一:将数据手动导入hive中
(1)先将数据和脚本用上传工具传入/home/hadoop中
(2)在虚拟机中 ./hive -f /home/hadoop/createHiveTab.sql 运行该命令,数据将手动导入hive中
(在这里注意hive -f 和 hive -e 的区别):
./hive -f /home/hadoop/createHiveTab.sql
hive -f 后面指定的是一个文件,然后文件里面直接写sql,就可以运行hive的sql,
./hive -e "show databases;use default;show tables;"
hive -e 后面是直接用双引号拼接hivesql,然后就可以执行命令
脚本 createHiveTab.sql:
set hive.support.sql11.reserved.keywords=false; CREATE TABLE IF NOT EXISTS traffic.monitor_flow_action( date string , monitor_id string , camera_id string , car string , action_time string , speed string , road_id string, area_id string ) ROW FORMAT DELIMITED FIELDS TERMINATED BY ' ' ; load data local inpath '/home/hadoop/monitor_flow_action' into table traffic.monitor_flow_action; CREATE TABLE IF NOT EXISTS traffic.monitor_camera_info( monitor_id string , camera_id string ) ROW FORMAT DELIMITED FIELDS TERMINATED BY ' ' ; load data local inpath '/home/hadoop/monitor_camera_info' into table traffic.monitor_camera_info;
二:将数据自动导入hive中 :
(1)在maven项目中pom.xml中引入hive整合包
<dependency>
<groupId>org.apache.spark</groupId>
<artifactId>spark-hive_2.11</artifactId>
<version>${spark.version}</version>
</dependency>
(2)把hive中这个路径下的/root/Downloads/apache-hive-1.2.0-bin/conf中的 hive-site.xml 这个放到resource下
<configuration> <property> <name>javax.jdo.option.ConnectionURL</name> <value>jdbc:mysql://主机名:端口号/数据库名?createDatabaseIfNotExist=true</value> </property> <property> <name>javax.jdo.option.ConnectionDriverName</name> <value>com.mysql.jdbc.Driver</value> </property> <property> <name>javax.jdo.option.ConnectionUserName</name> <value>root</value> </property> <property> <name>javax.jdo.option.ConnectionPassword</name> <value>hadoop</value> </property> </configuration>
(3)spark sql 声明对hive支持 运行idea下面的代码,数据会自动在hive数仓中生成 !

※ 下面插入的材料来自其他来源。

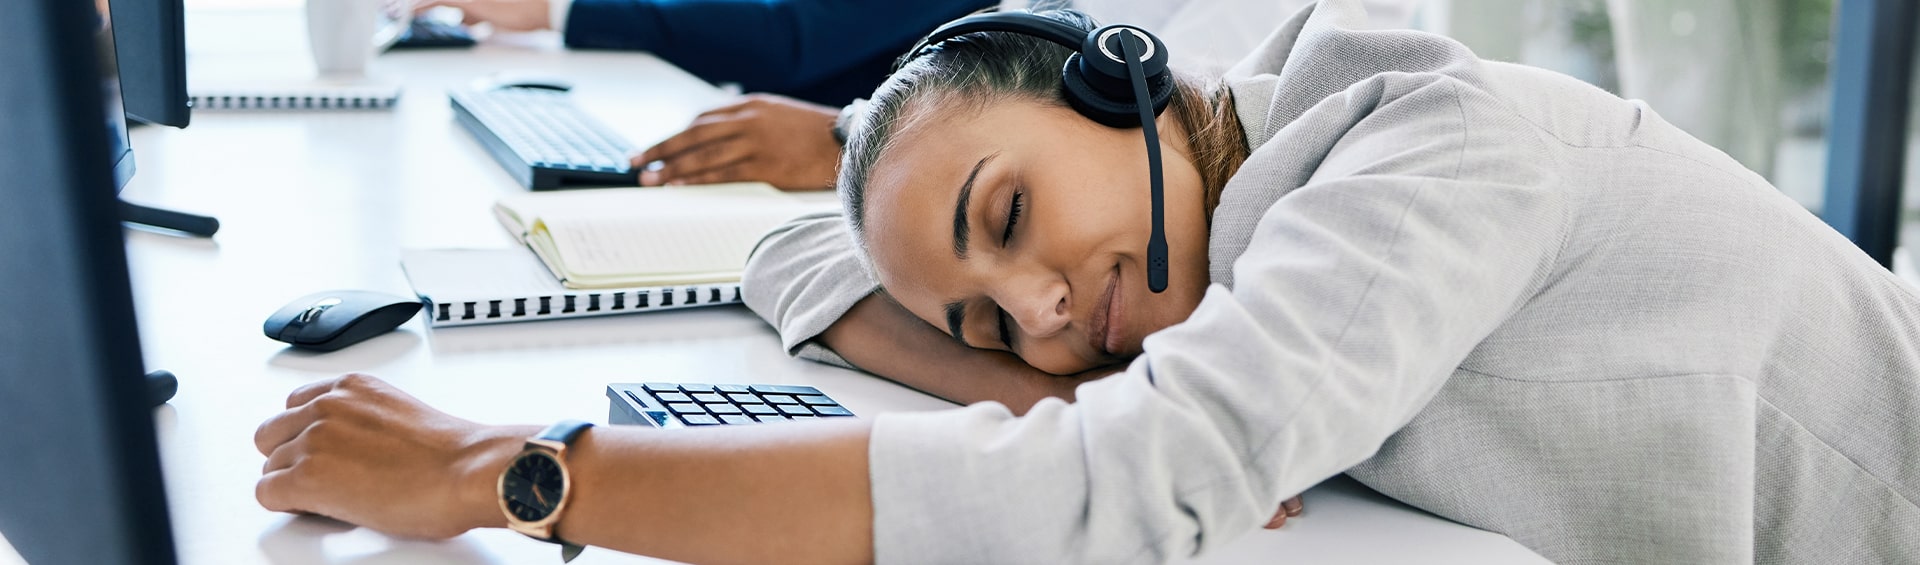 The Secret to Building a Positive Workplace May Include Letting Your Employees Sleep on the Job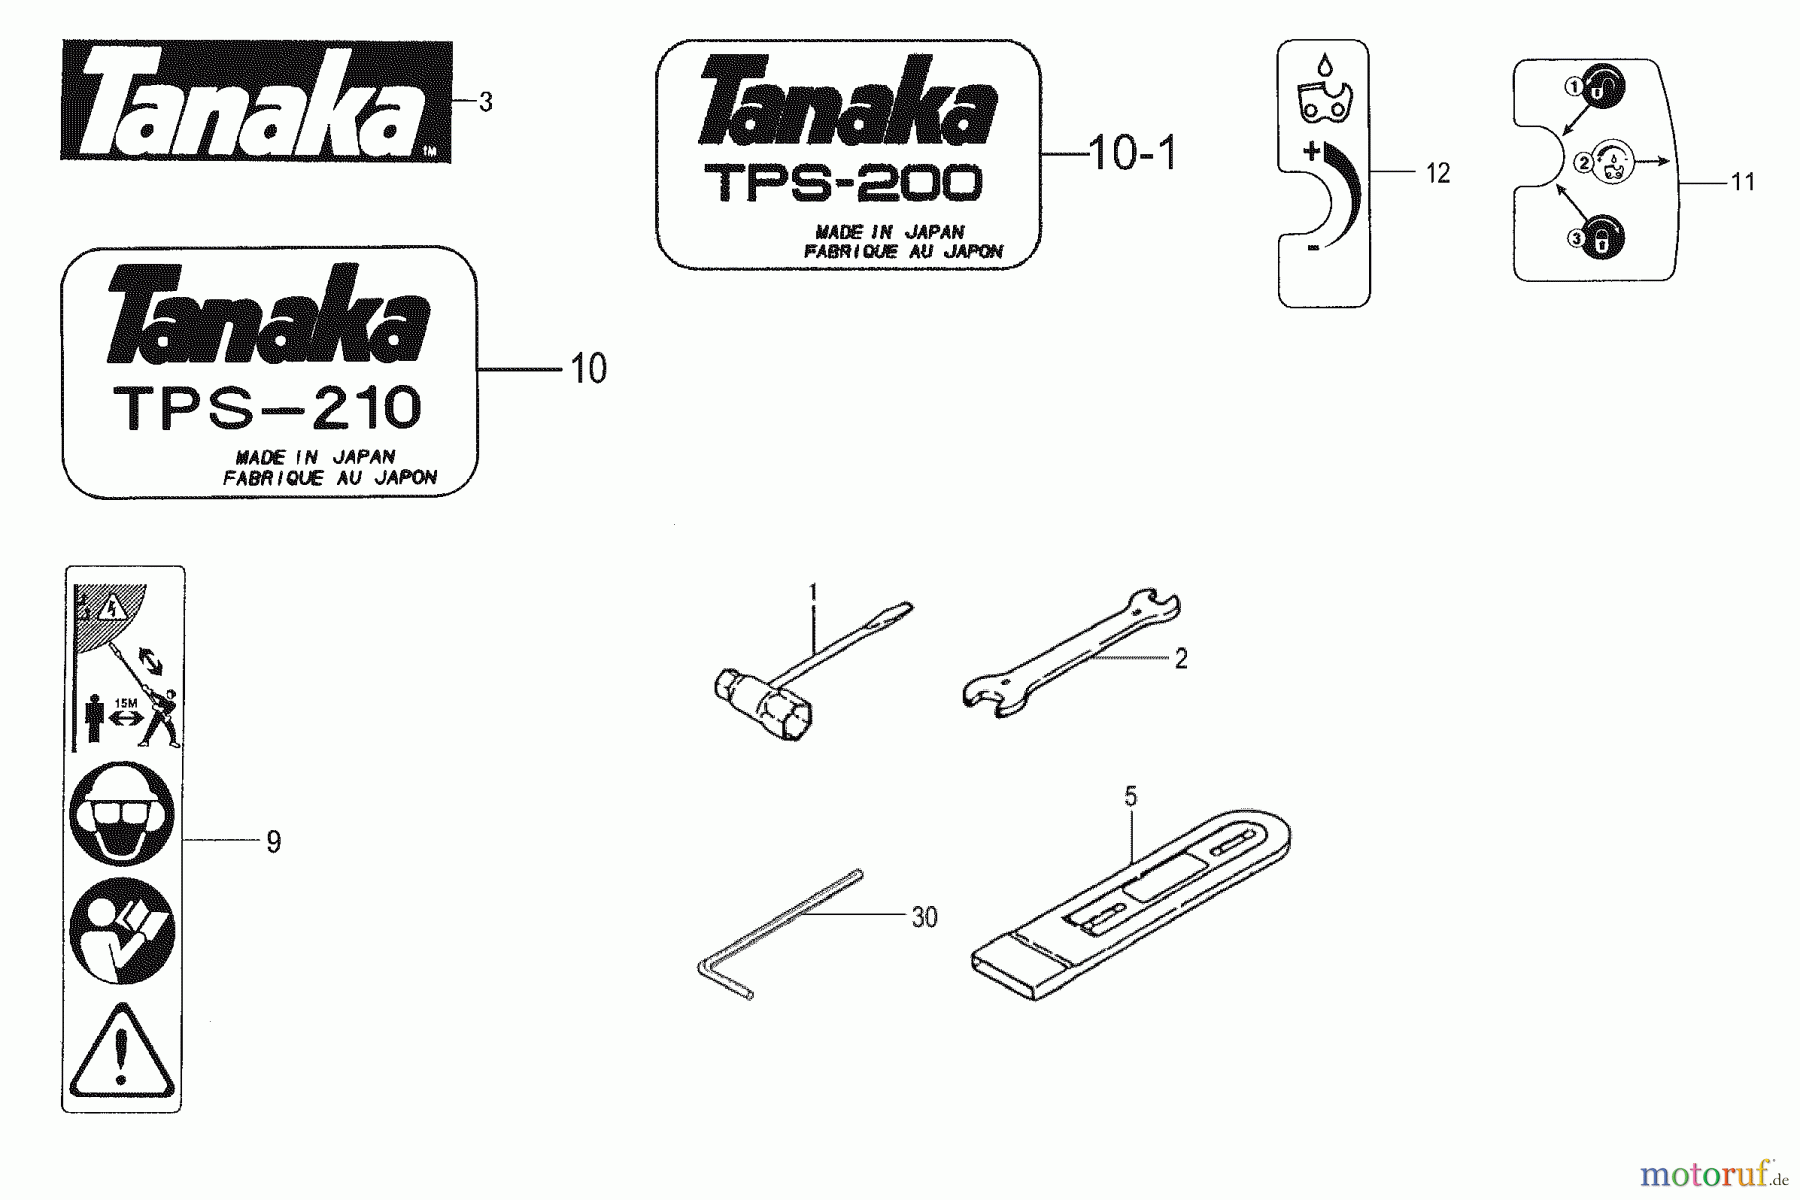  Tanaka Hochentaster TPS-250PN - Tanaka Extended Reach Pole Saw Tools & Decals

object HiveAsDataDource { def main(args: Array[String]): Unit = { val spark: SparkSession = SparkSession.builder() .appName("HiveAsDataDource") .master("local[*]") .enableHiveSupport() .getOrCreate() // 自动将数据写入hive中 spark.sql("create database IF NOT EXISTS traffic") spark.sql("USE traffic") spark.sql("DROP TABLE IF EXISTS monitor_flow_action") //在hive 中创建monitor_flow_action表 spark.sql("CREATE TABLE IF NOT EXISTS monitor_flow_action"+ "(date STRING,monitor_id STRING,camera_id STRING,car STRING,action_time STRING,speed STRING,road_id STRING,area_id STRING)"+ " row format delimited fields terminated by ' '") spark.sql("load data local inpath 'file:///D:/data/monitor_flow_action' into table monitor_flow_action") //在hive 中创建monitor_camera_info表 spark.sql("DROP TABLE IF EXISTS monitor_camera_info") spark.sql("CREATE TABLE IF NOT EXISTS monitor_camera_info (monitor_id STRING,camera_id STRING) row format delimited fields terminated by ' '") spark.sql("LOAD DATA" + " LOCAL INPATH 'file:///D:/data/monitor_camera_info'" + "INTO TABLE monitor_camera_info") System.out.println("===========data2hive finish===========") spark.close() } }
(4)注意红色的地方,file前面不能有空格,///转义,否则报
Exception in thread "main" org.apache.spark.sql.AnalysisException: LOAD DATA input path does not exist
(5)额外补充:删除hive数据库中已经存在的数据库的命令是:
drop database 数据库名 cascade;